* What is being asked *
For this exercise, restate every line below word for word and drop the images.

* Dataset content *
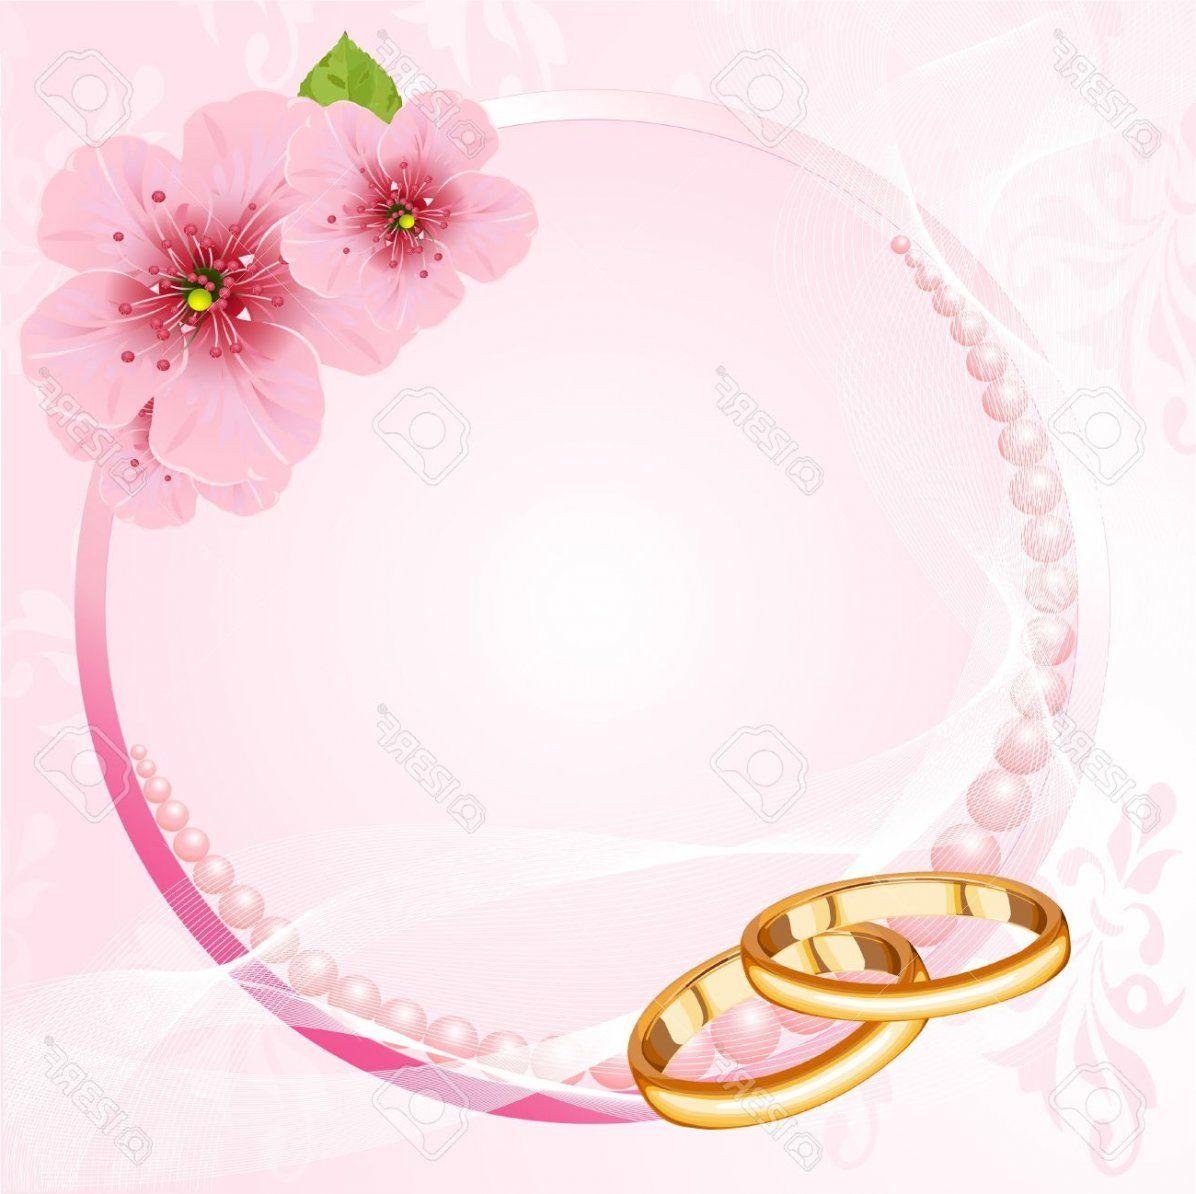 Nice Background Of Wedding Invitation Designs Wedding Rings
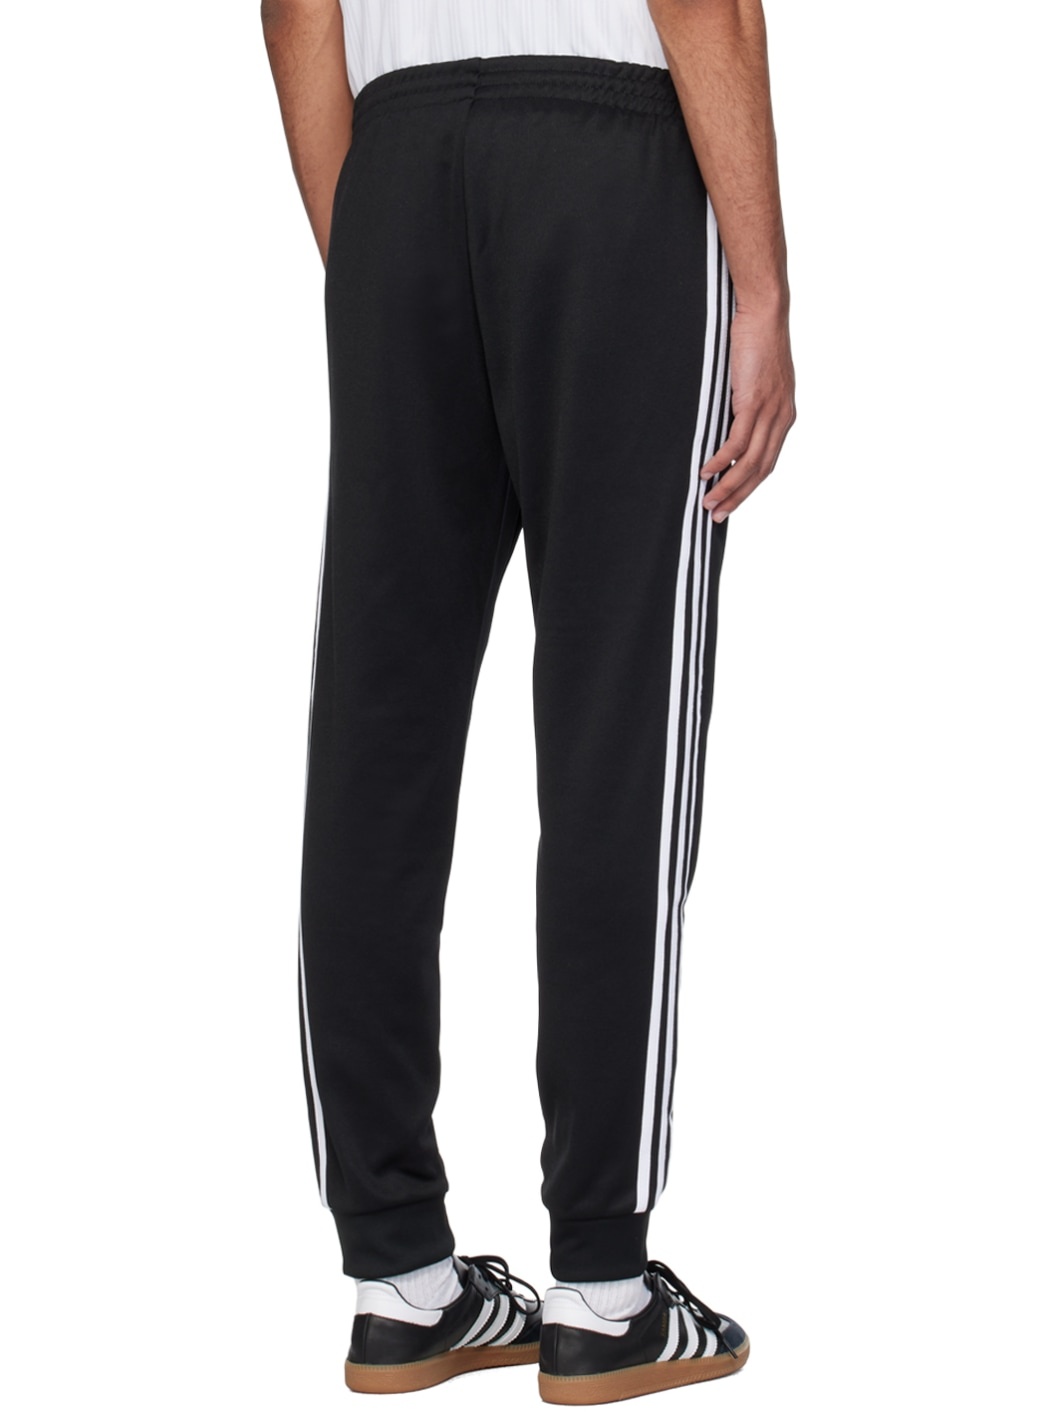 Black 3-Stripe Sweatpants - 3
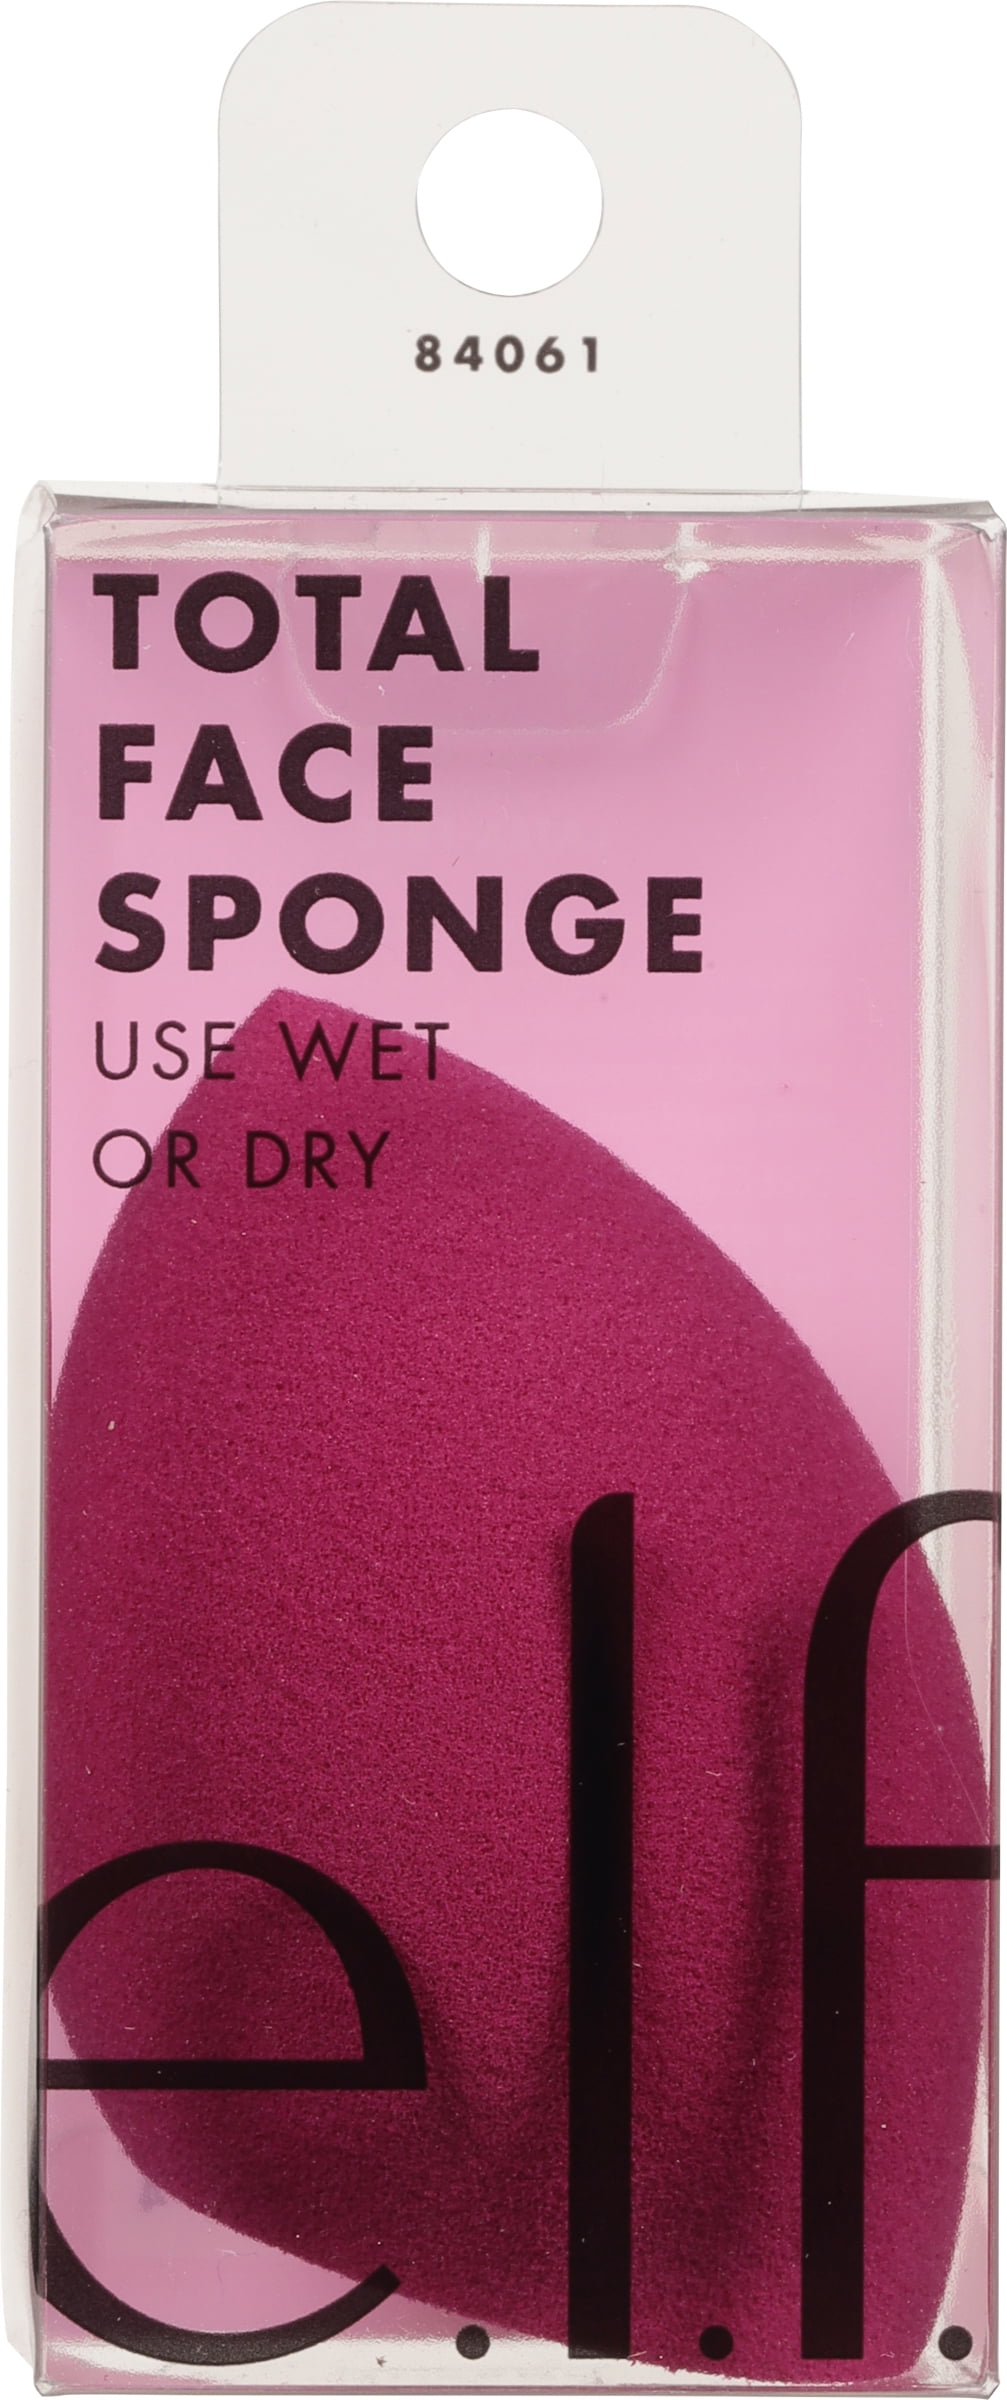 e.l.f. Cosmetics Total Face Sponge, Multi Sided, 1 Piece

* Solution for this exercise *
 Nice Background Of Wedding Invitation Designs Wedding Rings
 Black 3-Stripe Sweatpants - 3
 e.l.f. Cosmetics Total Face Sponge, Multi Sided, 1 Piece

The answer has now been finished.